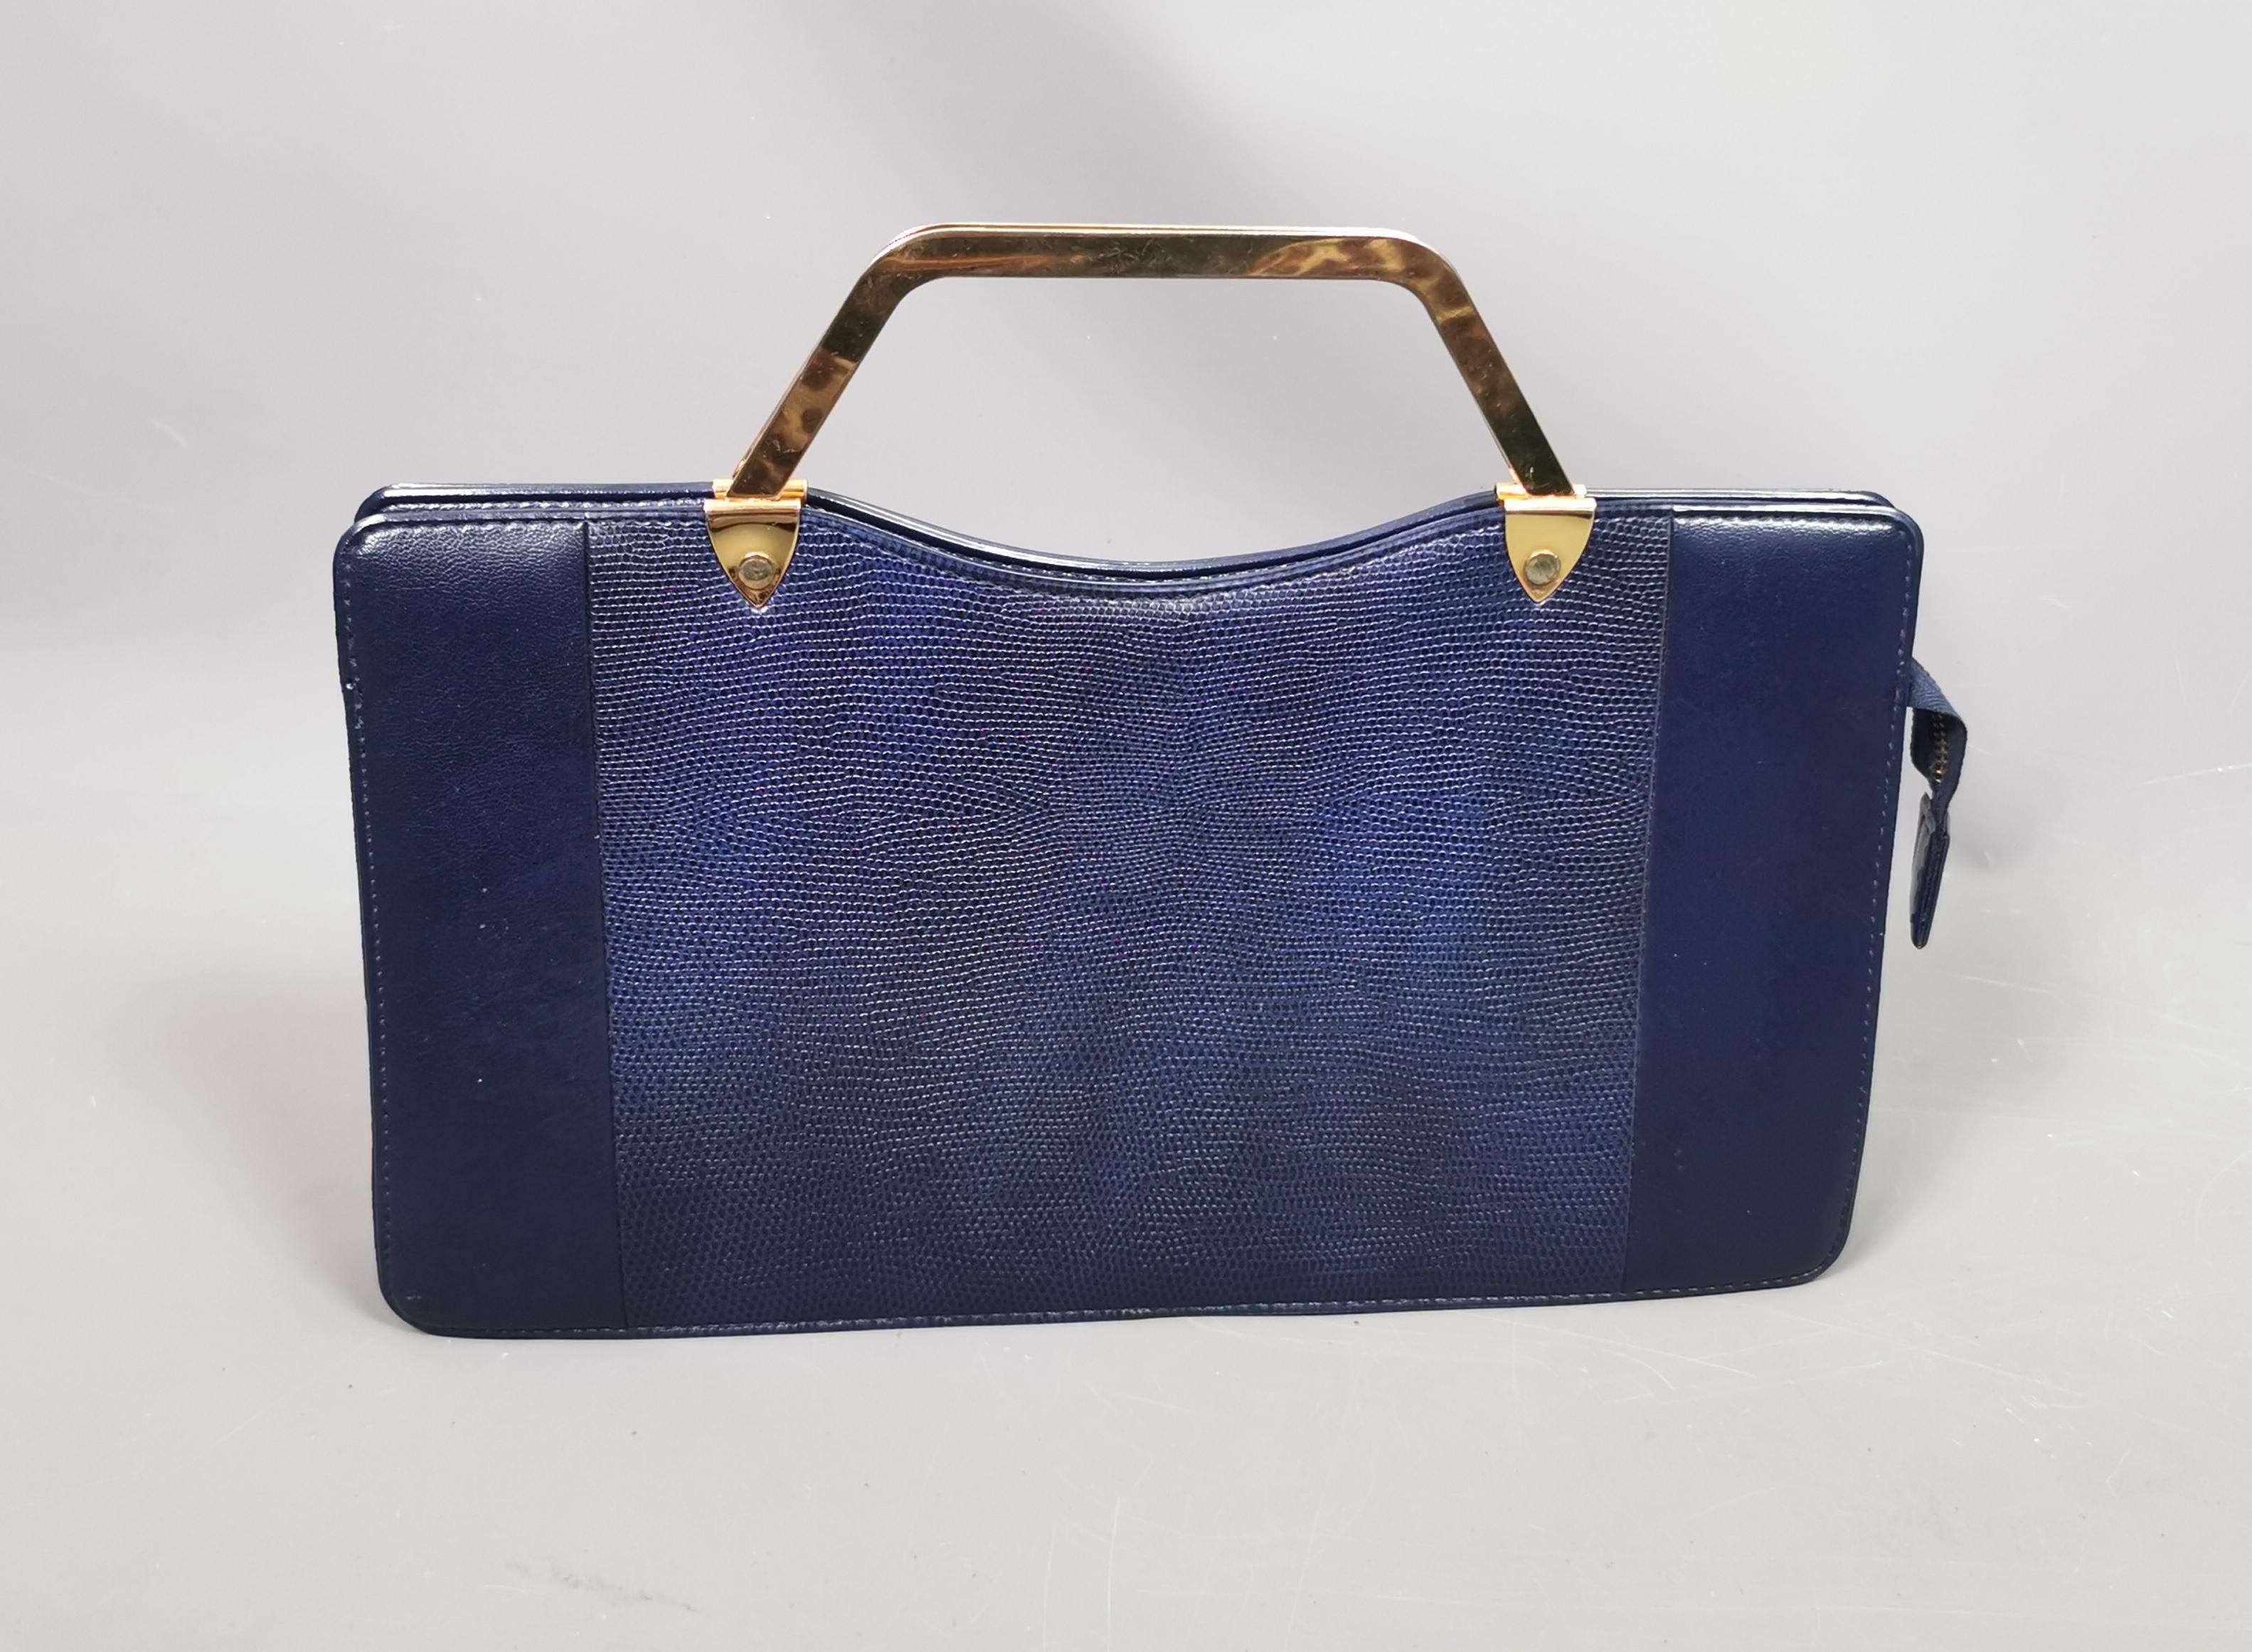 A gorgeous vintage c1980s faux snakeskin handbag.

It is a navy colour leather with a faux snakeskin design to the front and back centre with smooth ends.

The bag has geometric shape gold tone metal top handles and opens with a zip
++++++++++++++++++++
## [TASK GOAL]
Restate every line of the listing exactly. Pictures are not part of the copy.

## [RESPONSE FOR THIS EXERCISE]
 A gorgeous vintage c1980s faux snakeskin handbag.

It is a navy colour leather with a faux snakeskin design to the front and back centre with smooth ends.

The bag has geometric shape gold tone metal top handles and opens with a zip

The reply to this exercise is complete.